SECTION 2. The Election Committee of no less than 2 members shall be appointed by the Chairman the meeting immediately prior to the Annual Meeting.

a) The Election Committee shall be responsible for assembling all of the necessary materials needed to conduct the ballot vote at the Annual Meeting.
b) During the Election the Committee members shall act as the tellers and shall distribute, collect, count the ballots, and report the vote.

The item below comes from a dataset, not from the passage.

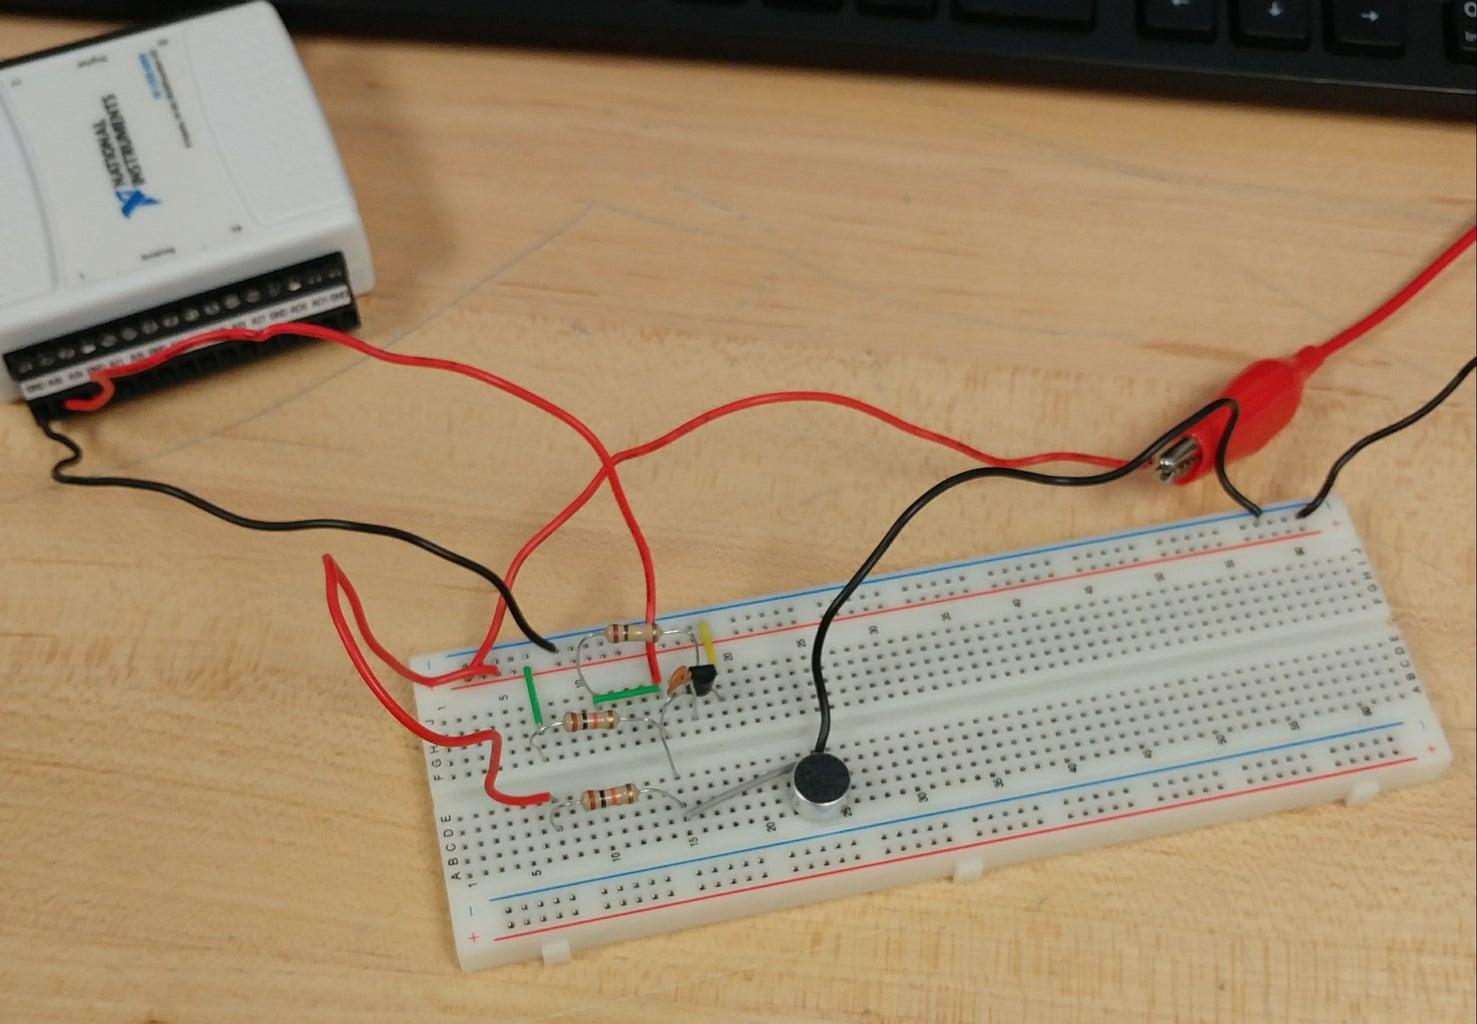 Next, the Analog Circuit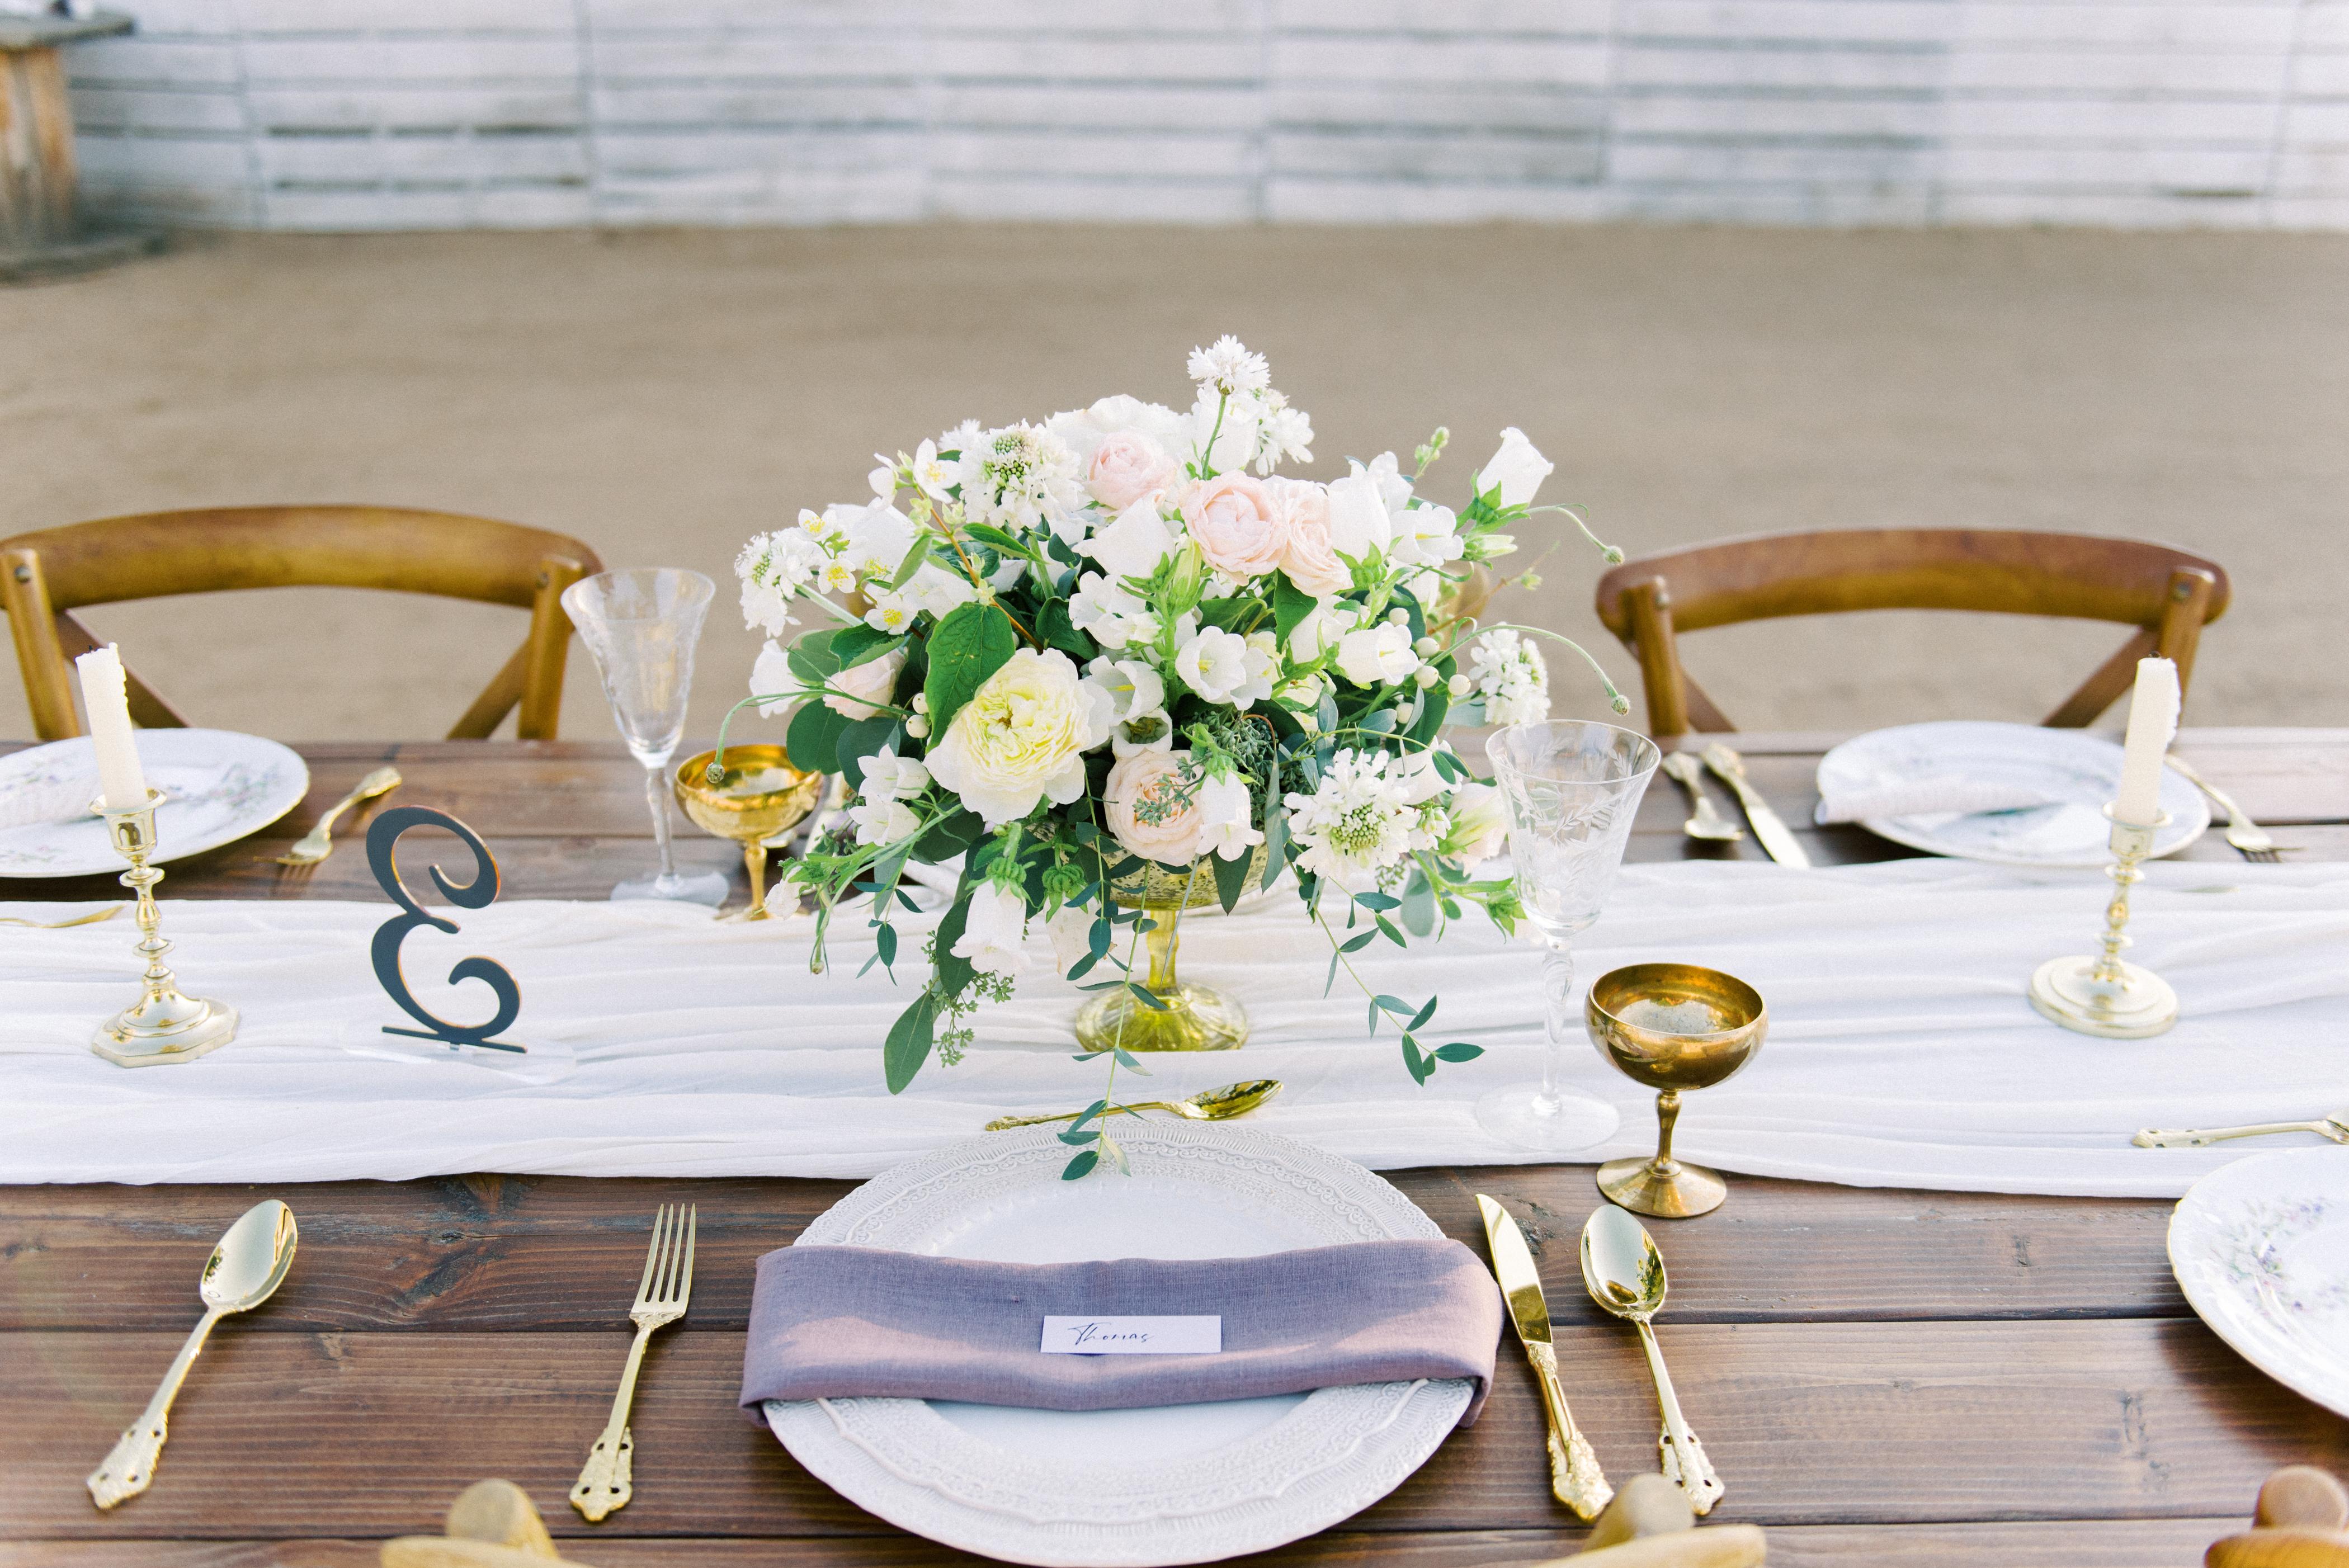 Ivory Rose Lavender Farm Wedding Centerpiece

SECTION 1. Amending the By-Laws: The By-Laws may be amended as provided herein:

a) Amendments shall be presented in printed form at a regularly scheduled meeting of the membership.
b) The sections to be amended shall be presented in conjunction with the proposed amendment.
c) If a revision of the By-Laws is proposed, then copies of the revised version shall be presented.
d) The printed proposed changes must be distributed to all the members no less than ten (10) days prior to the meeting when the vote shall be conducted.

SECTION 2. Voting: The proposed amendments shall be voted on at the first regularly scheduled meeting following the presentation of the amendments. a) Passage of amendments to the By-Laws shall require an affirmative vote of two-thirds (2/3) of the members present and voting.


SECTION 1. Procedure: If in the event this Club wishes to formally disband or dissolve:

a) The Executive Board shall present a resolution stating the reasons for dissolution.
b) Resolutions shall also be presented which state the manner in which the assets shall be disposed of and other administrative details.
c) The resolutions must be sent by mail to all members of record.
d) Creditors with proof of claims shall be fully paid, or shall be paid an agreed upon settlement.
e) The final disposition of all remaining assets shall be assigned to the Somerset County Republican Organization within a six months period.


The rules contained in the current edition of Robert's Rules of Order Newly Revised shall govern the Club in all cases to which they are applicable and in which they are not inconsistent with these By-Laws and any special rules the Club may adopt.